В действительности же эти племена были уже объединены общеславянским языком и русской культурой. Из русской метаистории, как показывают исследо­вания русских ученых-ведистов, просве­чивает грандиозная предыстория Руси как прямой наследницы и корневого образования гигантского индоевропей­ского ариадержавия (от слова “арии”), еще в доистори­ческое прошлое объединившего в сверхобщину огромное число разнооб­разных народов, королевств, ханств, го­родов-государств на территории Евро­пы и Азии. В своеобразной (одухотво­ренной) русской культуре синтезирован многотысячелетний суровый опыт прак­тического взаимодействия, объедине­ния и выживания людей с различными верованиями и организационно-госу­дарственными формами.

В этом же тысячелетнем опыте на­роды России приобрели несметные информационные, духовные богатства, ставшие основой духодержавия. Духодержавие — это российская го­сударственность в чистом виде, не за­соренная чужими заимствованиями. Ее придумали наши арийские предки, пе­редав нам по наследству. Духодержа­вие — единство в многообразии, кото­рое, в зависимости от внешних и внут­ренних причин, требований выживания, реализуется в разных формах государ­ственности; монархия, республика, союз республик, федерация, вечевое управ­ление, империя или теократия (Святая Русь). Но при всех модификациях она остается межэтническим, а часто и меж­материковым информационно-объеди­ненным на началах добра и справедли­вости, внутренне свободным, доброволь­ным братством различных народов, эт­носов, верований, рас — единством в многообразии.

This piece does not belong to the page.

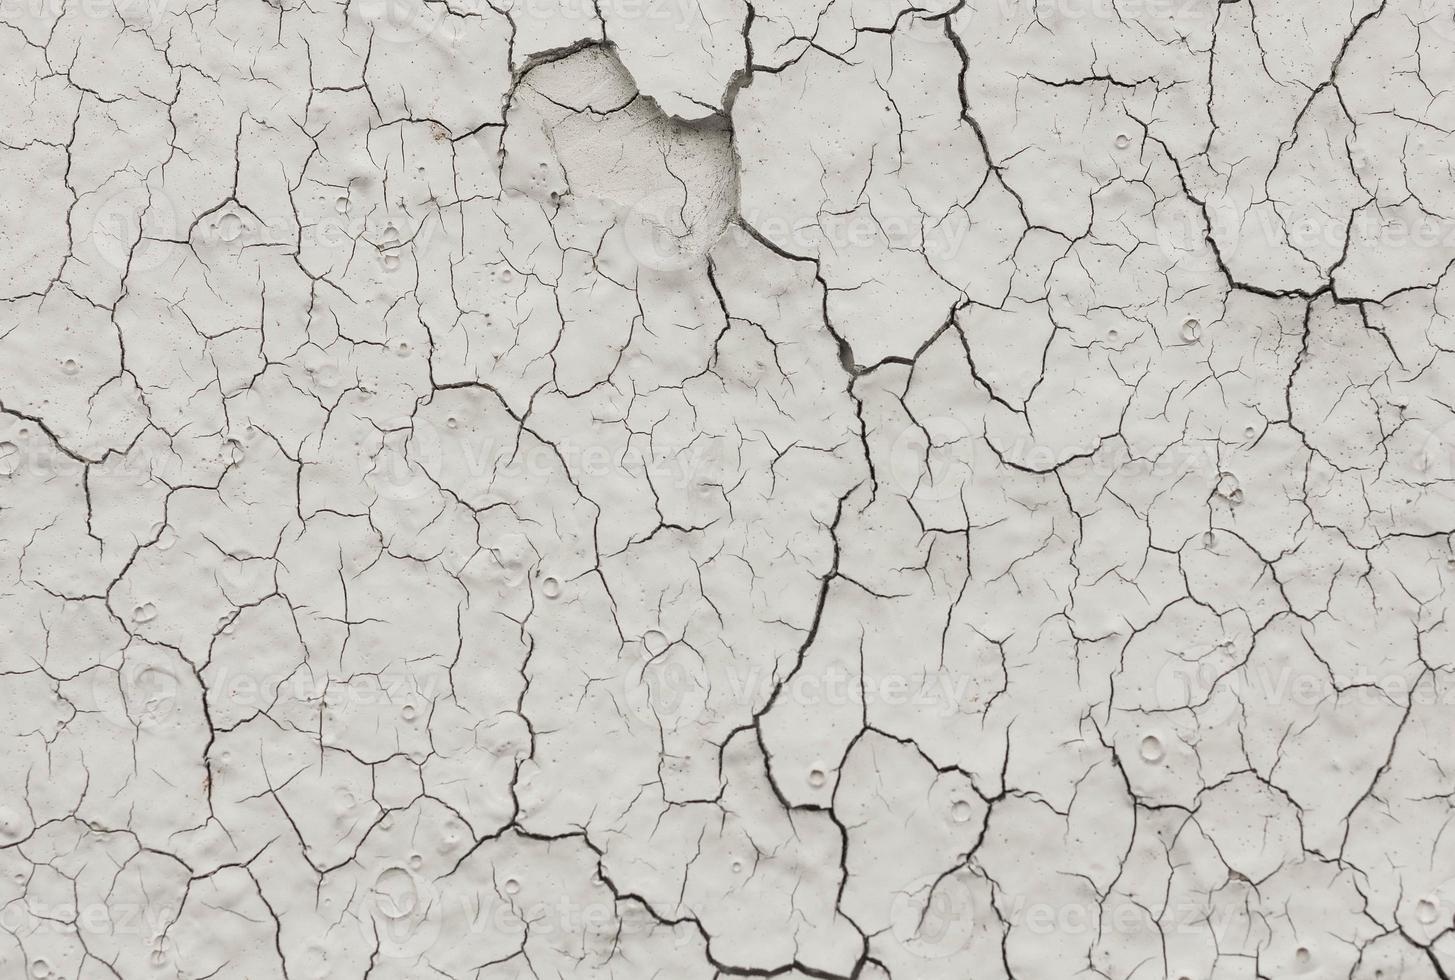 geschilderde gebarsten muur textuur foto
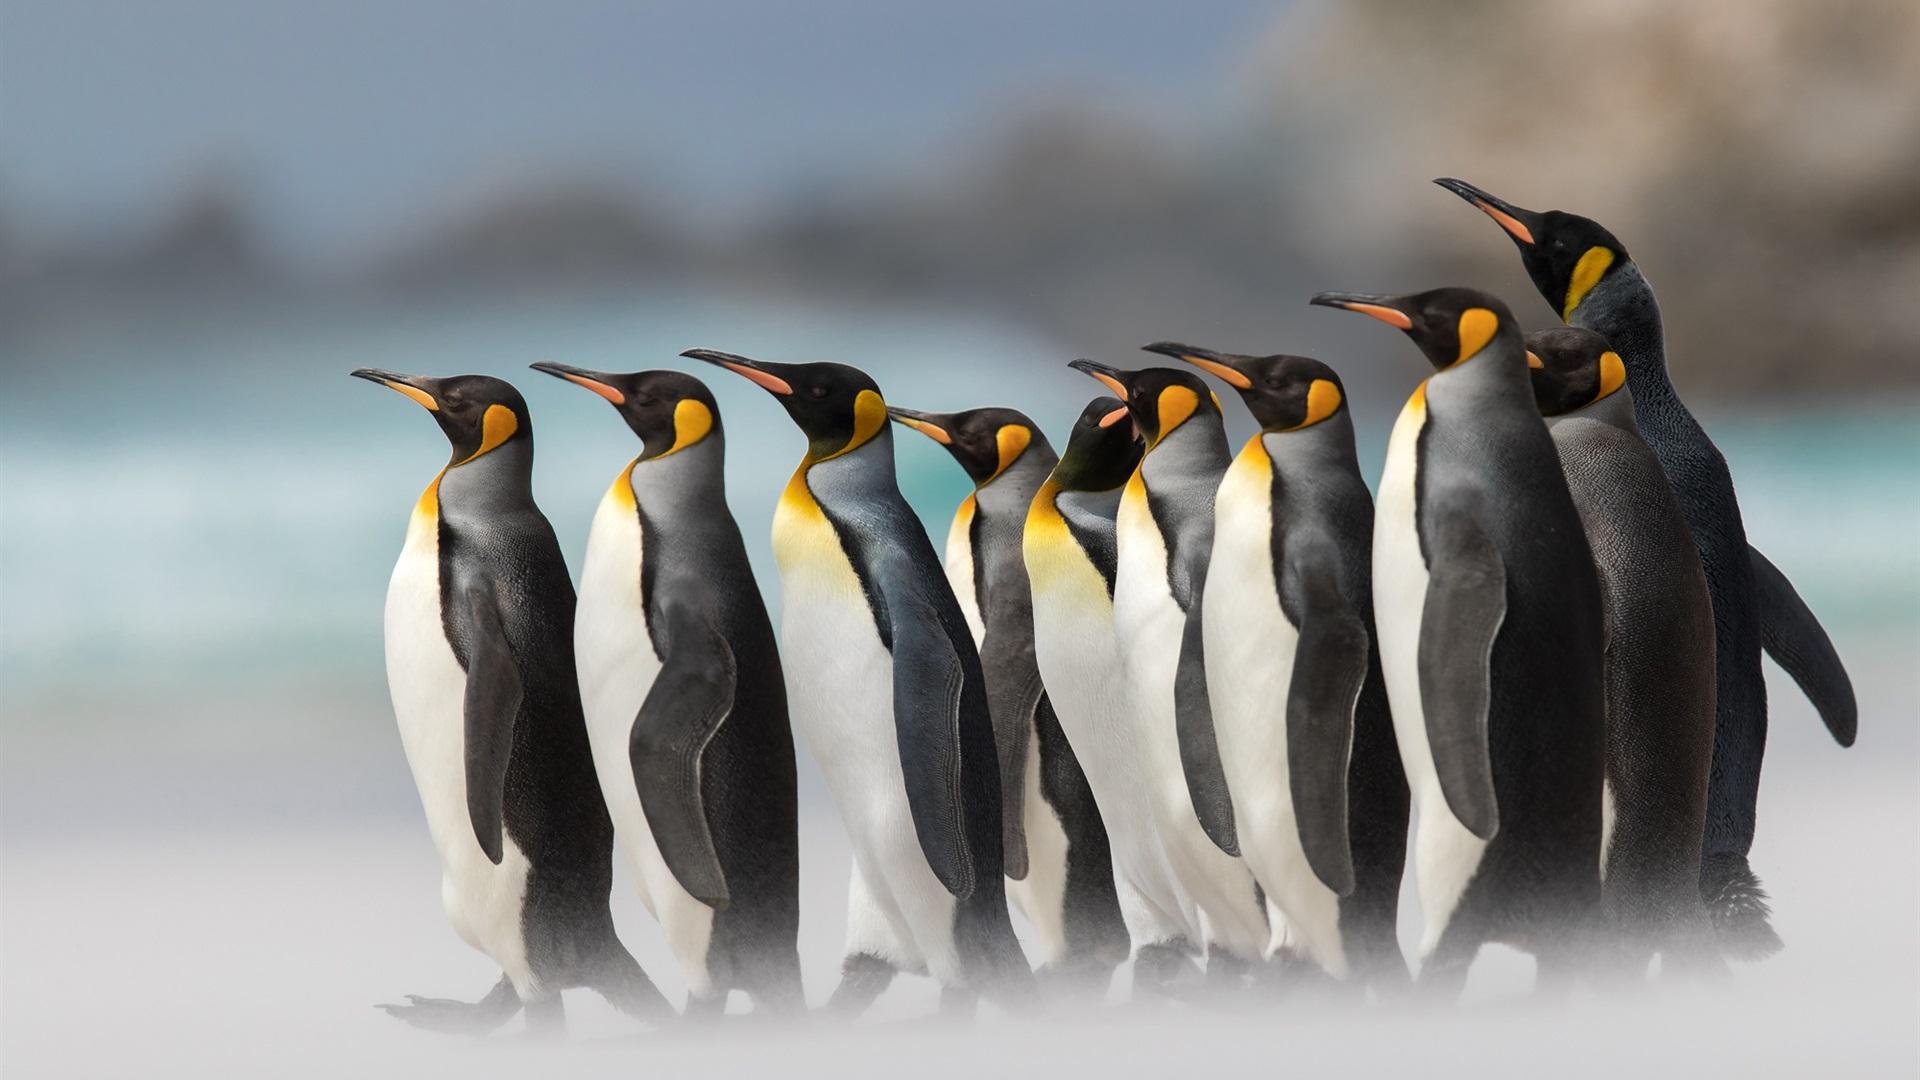 Royal penguins, fog Wallpaper | 1920x1080 Full HD ...

В духожержавии всегда действовал принцип «общего блага». Ради «блага для всех», являющегося специфической установкой русской культуры, в России еще в древнее время отказались от первичности принципа «свободы прав человека», разрушительного для собор­ного духодержавия; этот принцип «сво­боды прав» малознающие свою и рус­скую историю правящие демократы наивно воспринимают как последнее и высшее слово “цивилизованных госу­дарств”(2).

Эти позиции осмыслены не только учеными, но и представителями художественной сферы, массовой информации и др.  На телевидении, в частности, появилось множество передач, ориентированных на демонстрацию отечественных образцов, подготовленных лидерами и авторитетами отечественной культуры,  ярким показателем которых может служить цикл передач — “Русский стандарт” Н. Михалкова.

То есть, внешняя экстремальность, выраженная в подавлении национальных позиций, начинает активно стимулировать творчество  и оформляет самосознание на должном уровне.

Помимо этого, нынешняя ситуация, приведя к анулированию одних позиций — резкому сокращению технических служб, работников ВПК и др. подобных — казалось бы должна была резко сократить число и  качество творческих проявлений, но этого не только не произошло, но, напротив, объемы творчества увеличились. Стенания по поводу утечки умов и ненужности подготовленных профессионалов  не оправданы хотя бы тем, что люди, не опустившие руки под воздействием обстоятельств (учителя, инженеры, военные, ученые и др.), и лишь сменив поле деятельности, не утратили творческие данные. Просто это творчество, то есть наработанные способности, стали реализовываться в других сферах. Следовательно, последние (бытовые, экономические, политические и др. направления)  выиграли в качественном плане и стали функционировать на другом, более продуктивном уровне.  Повсеместно отмечается стабильность и развитие бытовых форм деятельности и много другого, где бывшие “технари” и “интеллектуалы-гуманитарии”  проявляют себя как талантливые грамотные профессионалы. Творчество повернуто в другую сторону, но оно по-прежнему выполняет свои функции и приносит ощутимый доход.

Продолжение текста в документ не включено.